What to do> Send back the line that contains "Title: An Analysis" and all lines following it through the end of the data below, exactly, omitting pictures.

Data excerpt>
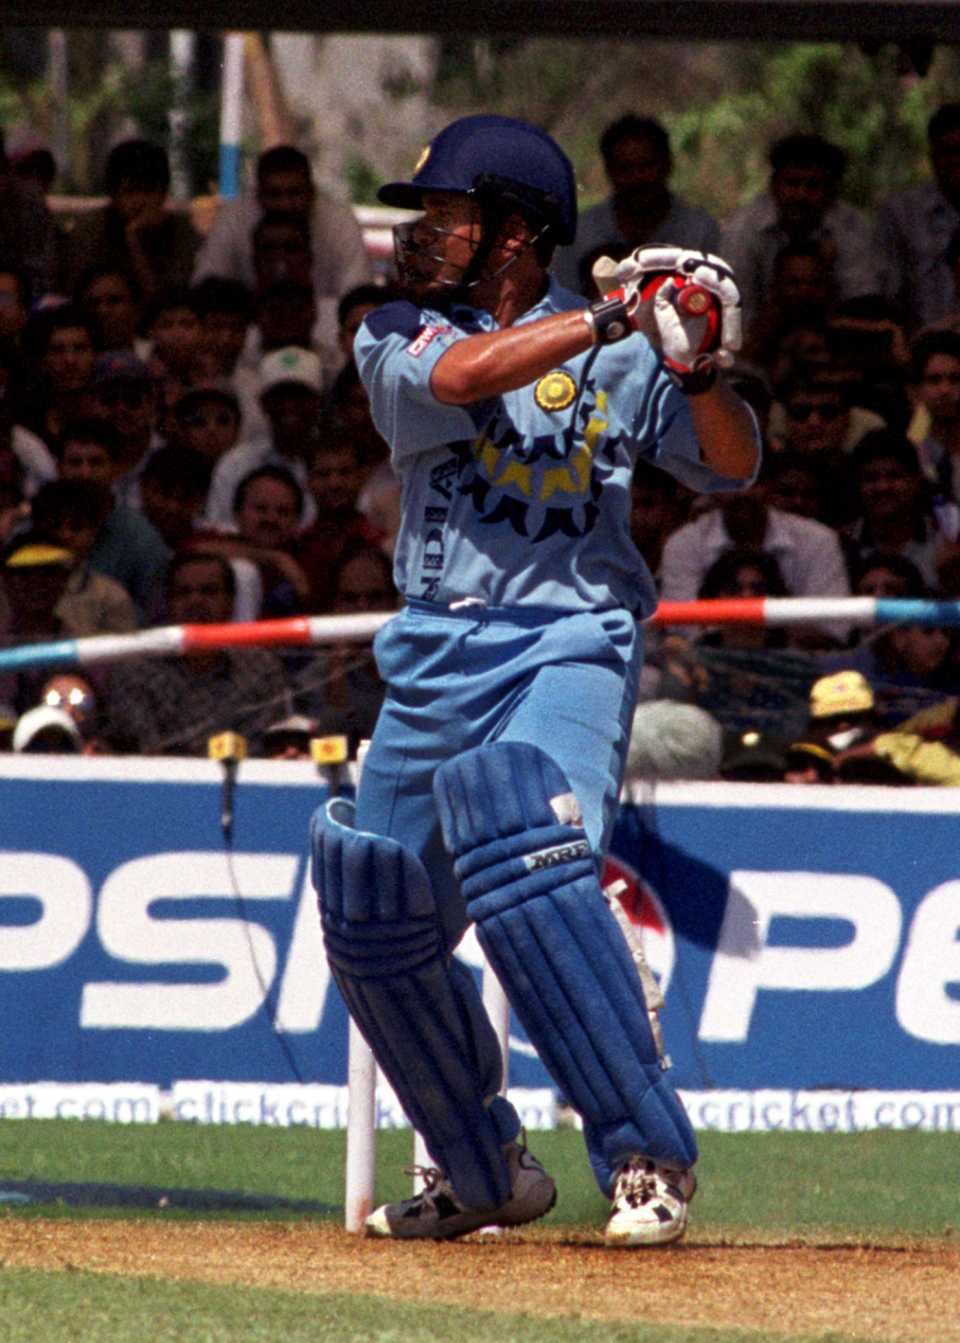 Between 1994 and 2003, Sachin Tendulkar made 11,006 ODI runs at 48.5 while other batsmen in those matches averaged 31.4
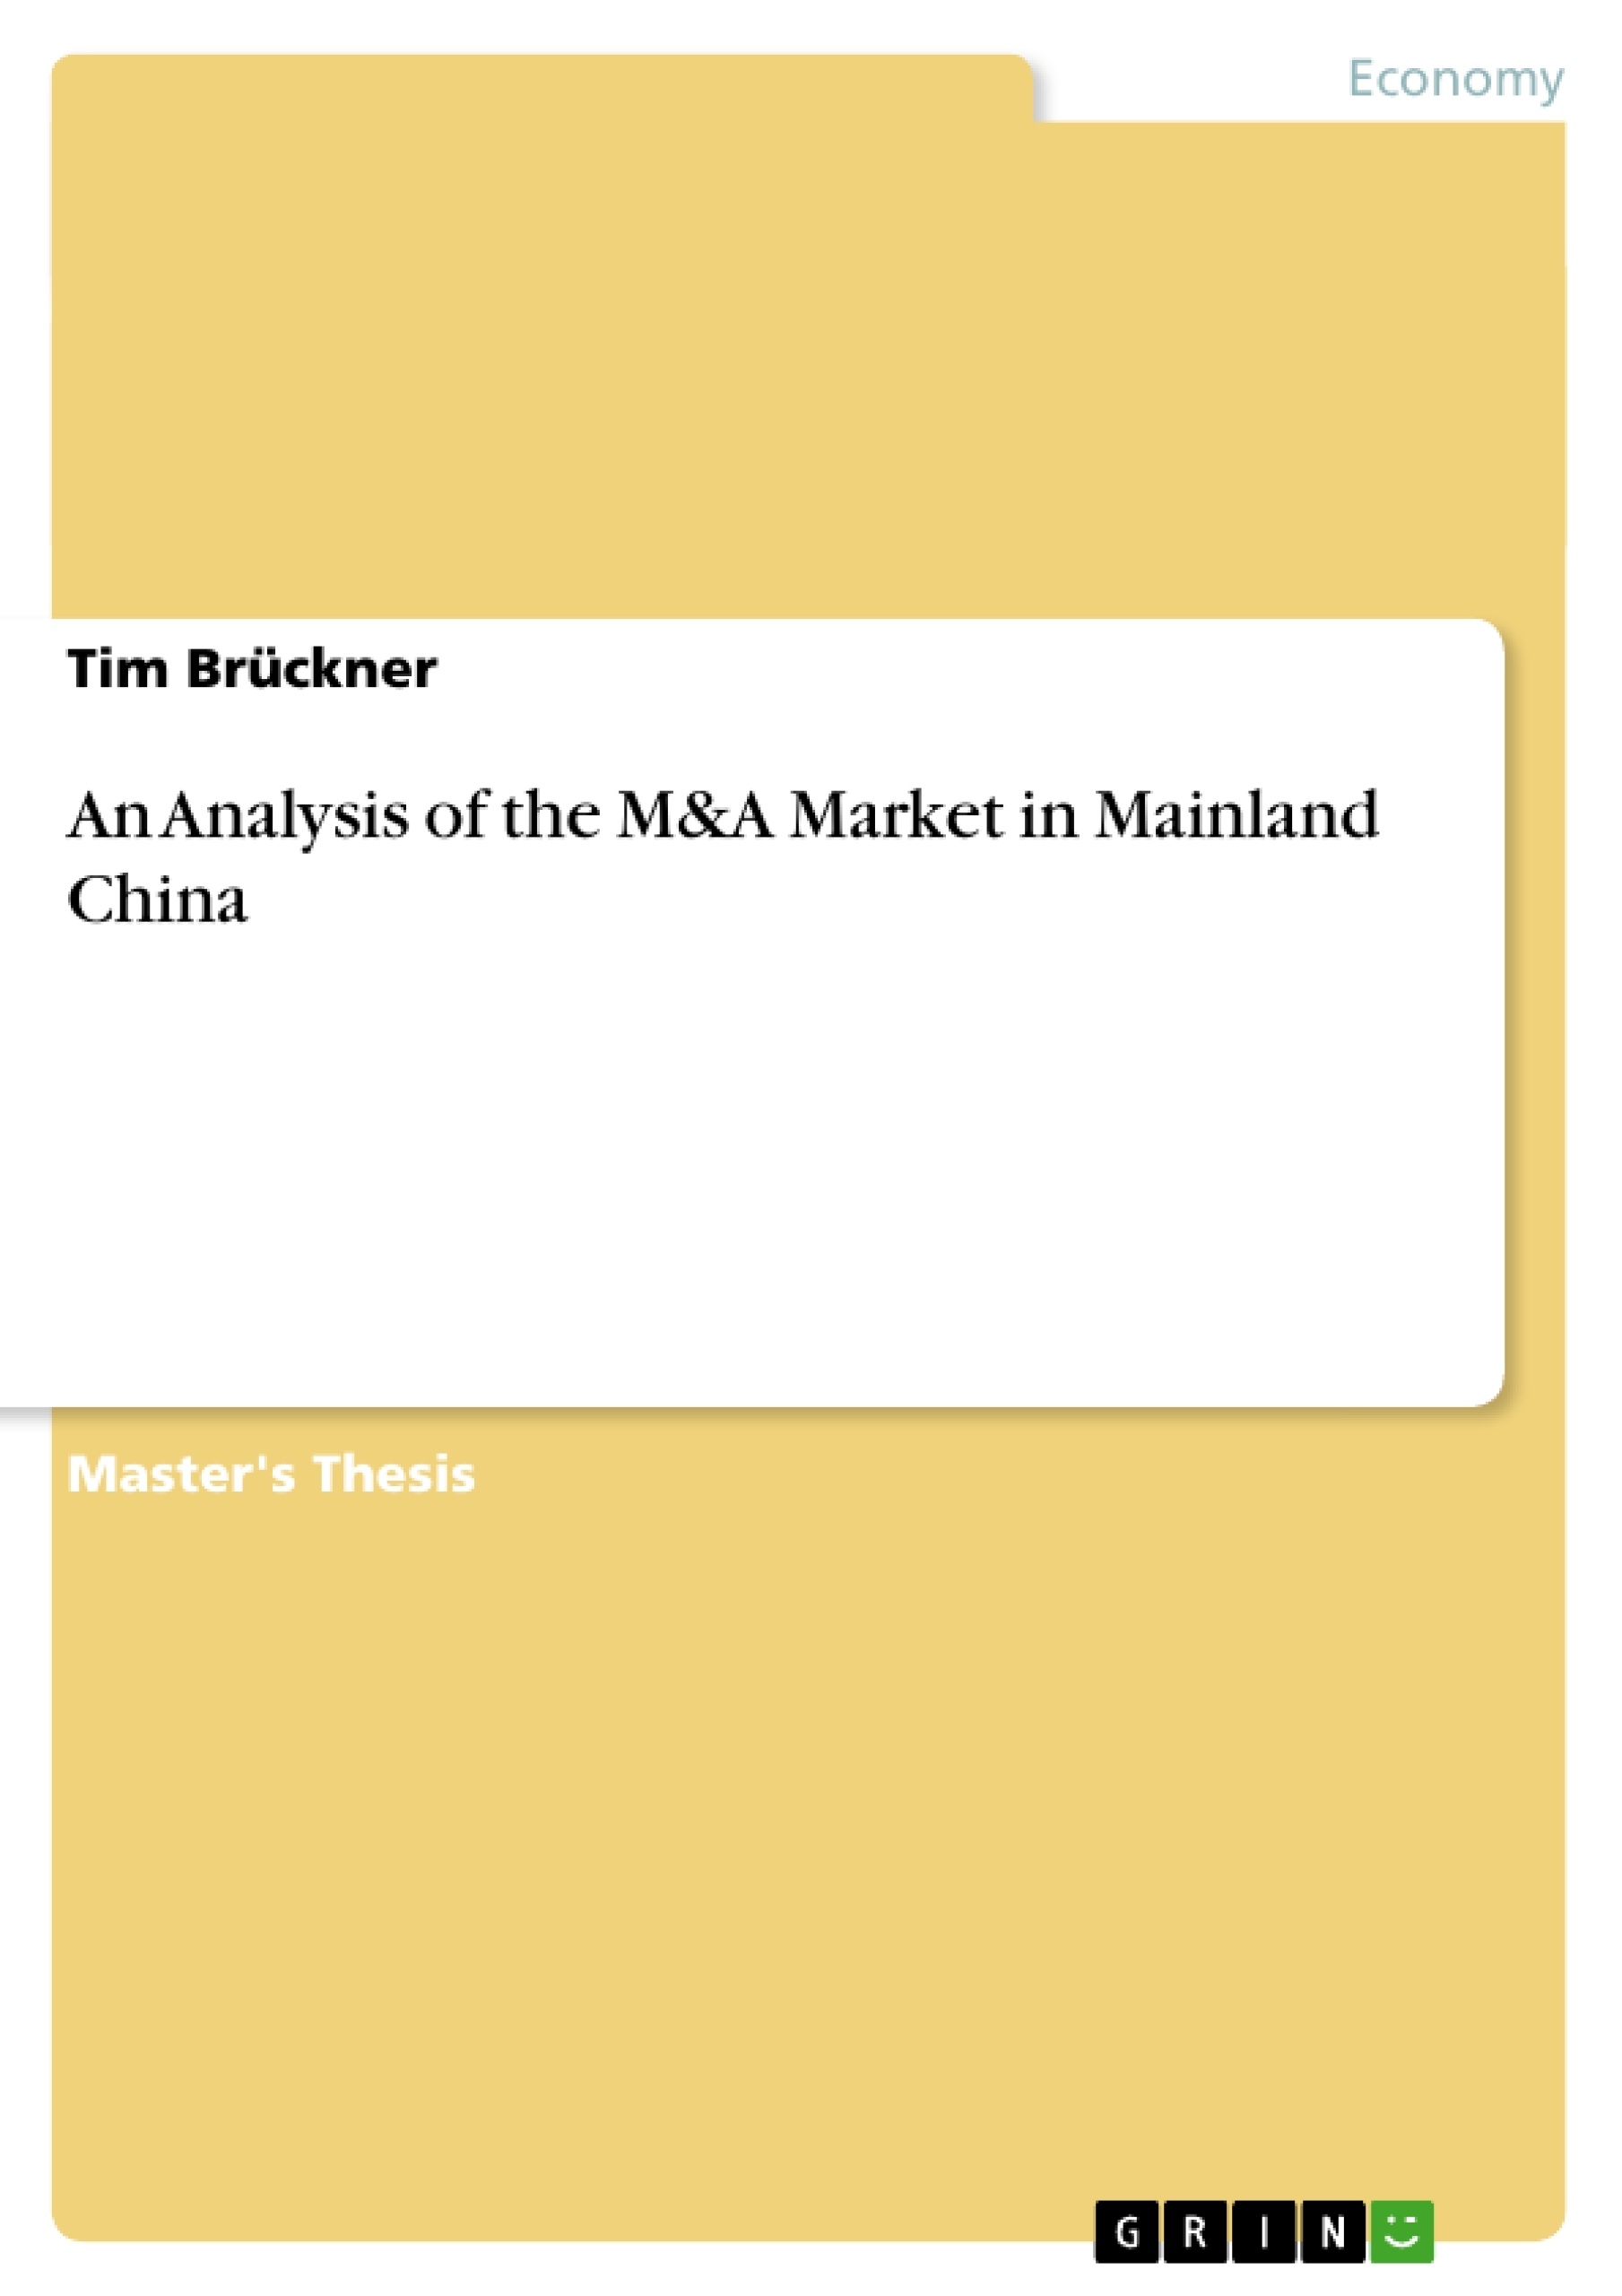 Title: An Analysis of the M&A Market in Mainland China
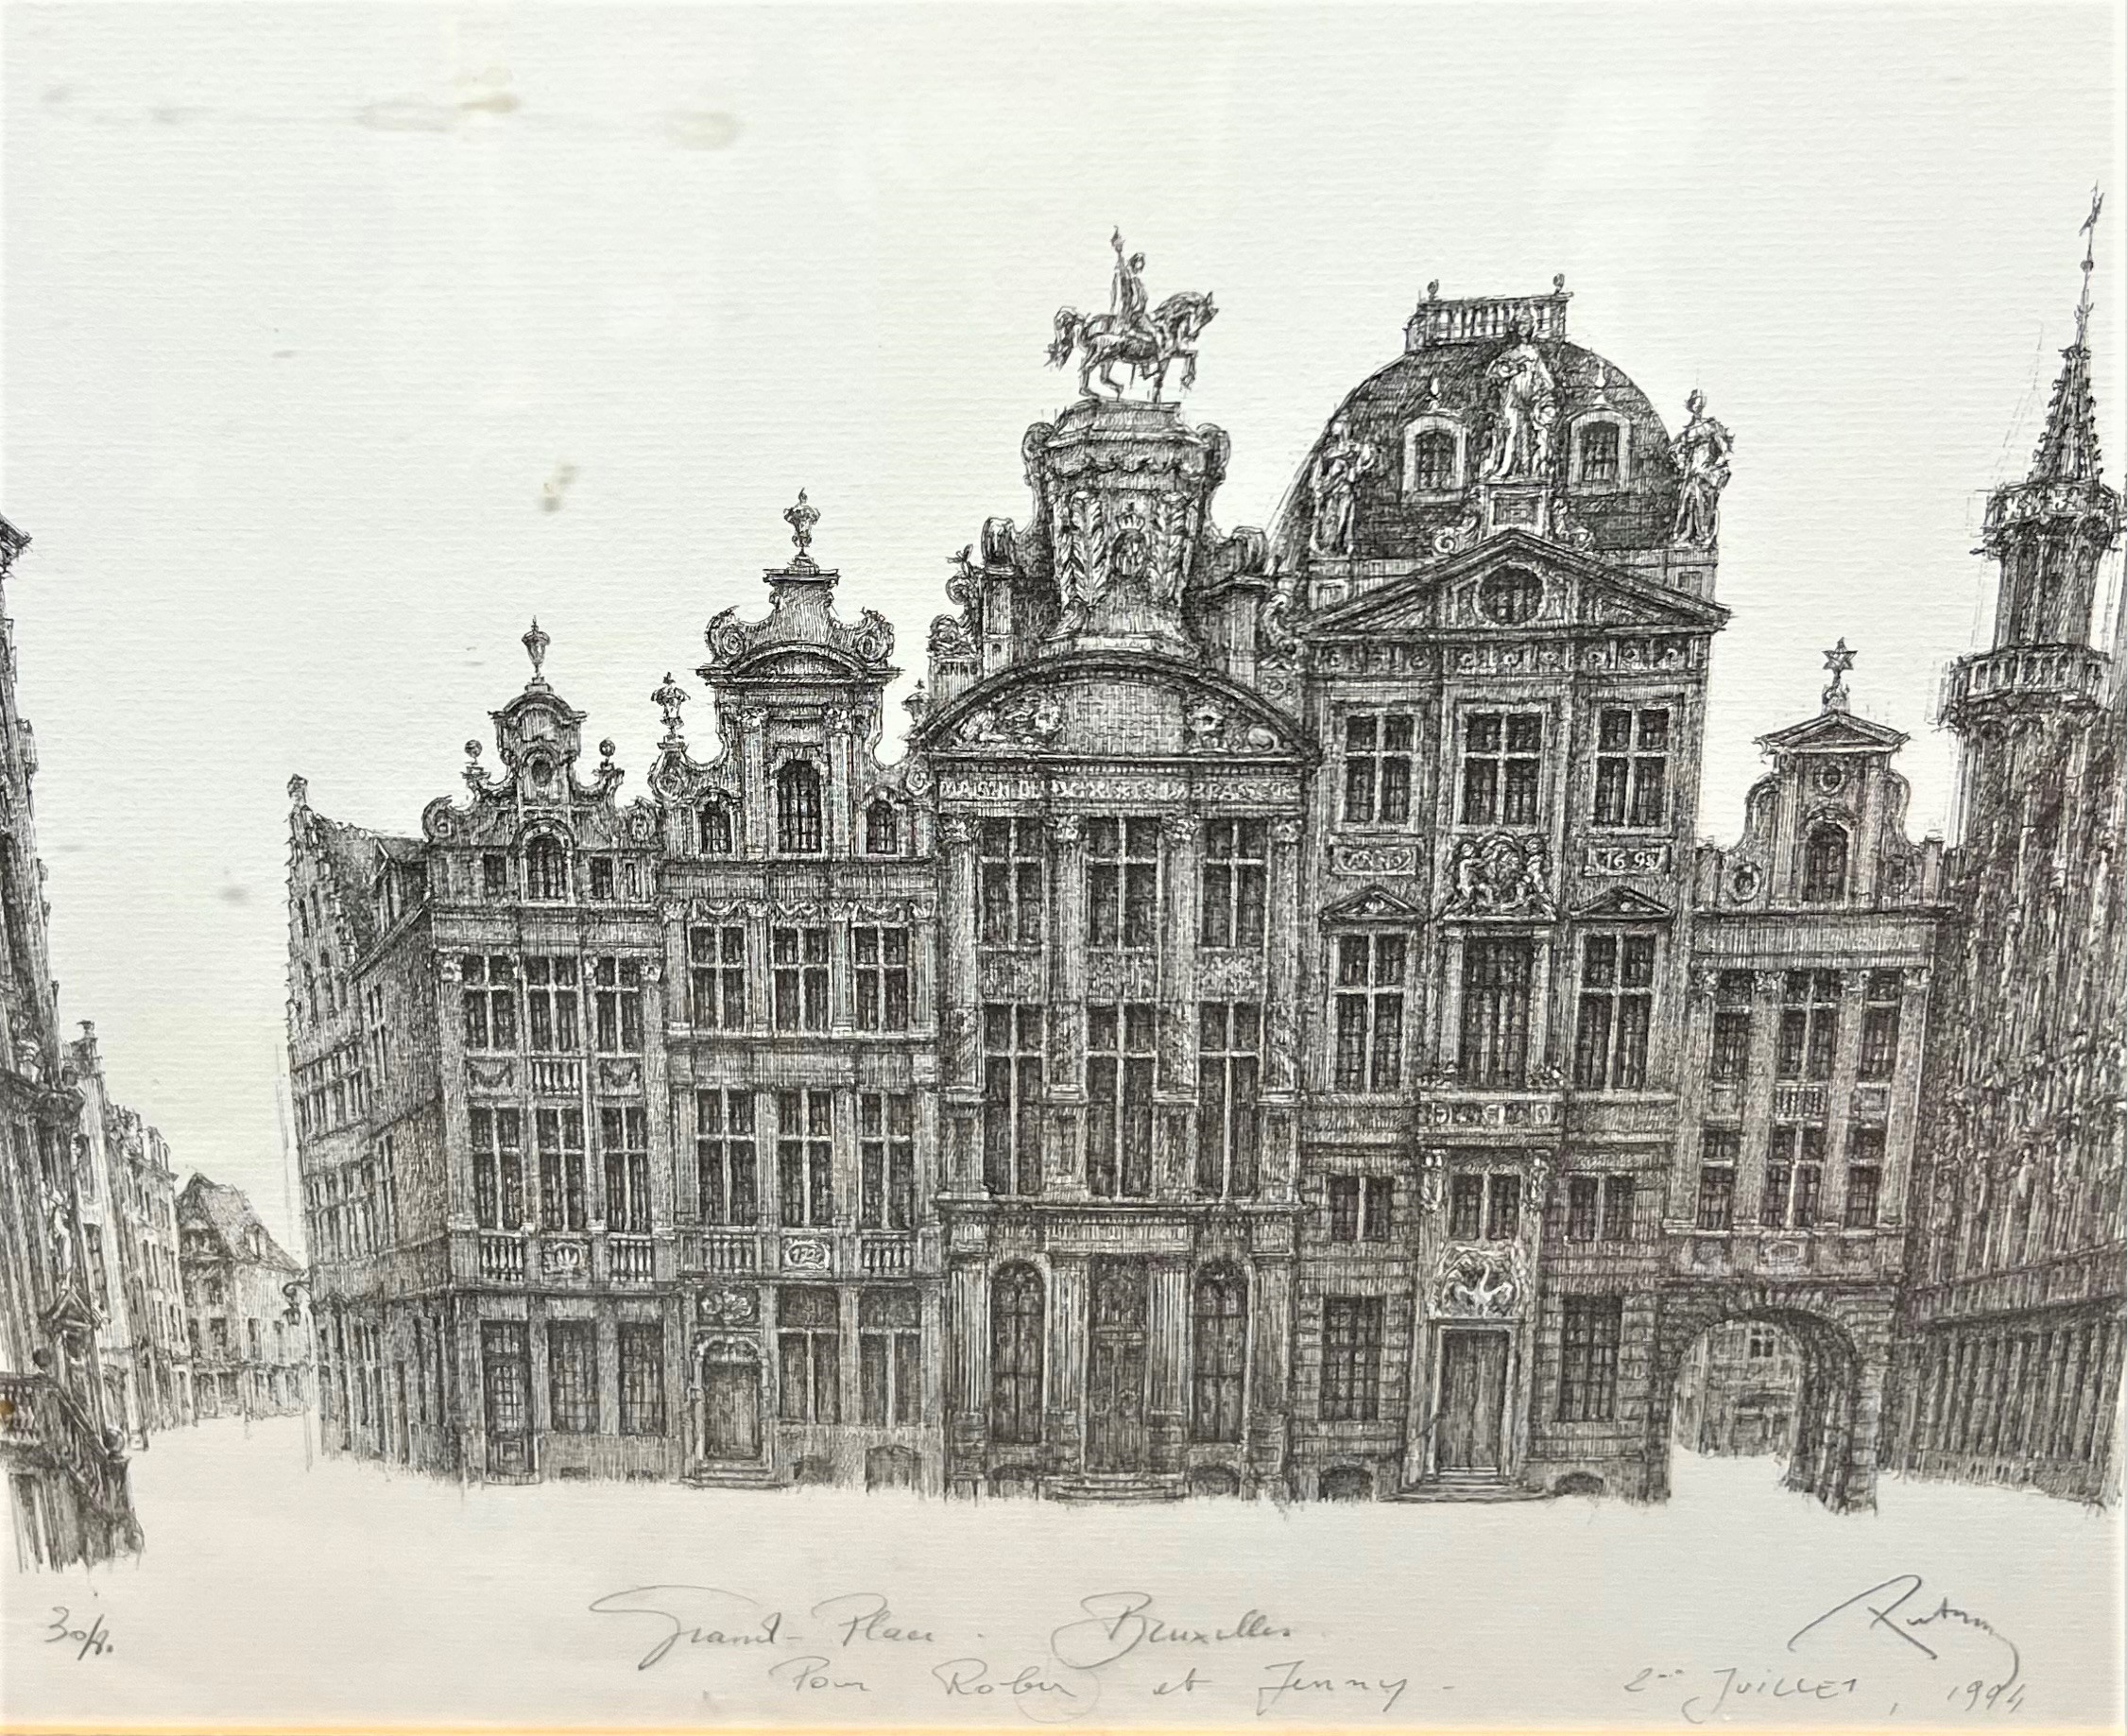 A limited edition print of The grand Plau, Bruxelles. 30/80 indistinctly signed. Framed and Glazed
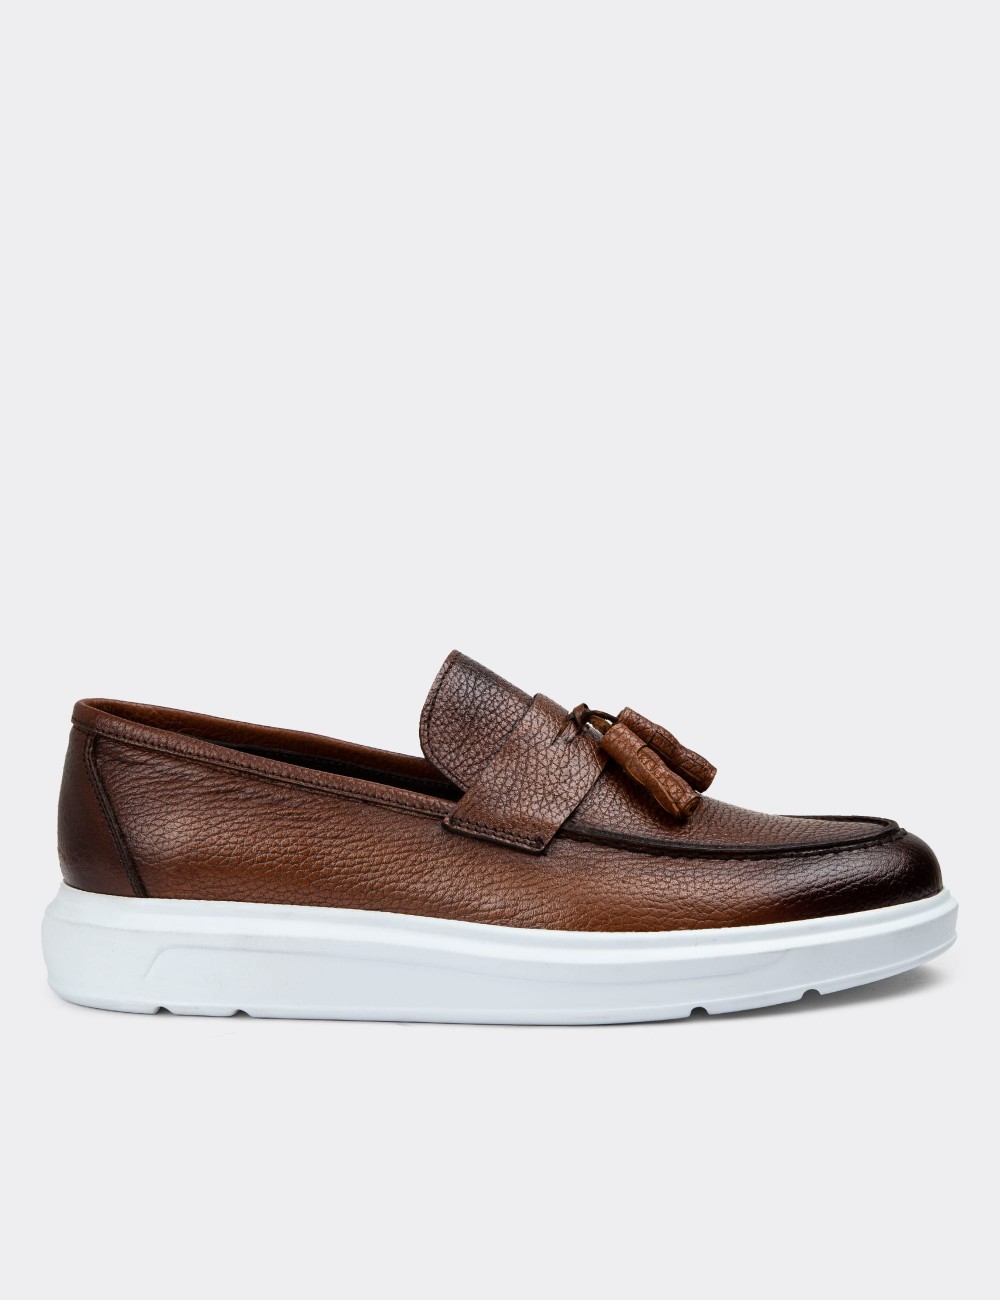 Tan Leather Loafers - 01587MTBAP08

Answer area>
 Title: An Analysis of the M&A Market in Mainland China
 A limited edition print of The grand Plau, Bruxelles. 30/80 indistinctly signed. Framed and Glazed
 Tan Leather Loafers - 01587MTBAP08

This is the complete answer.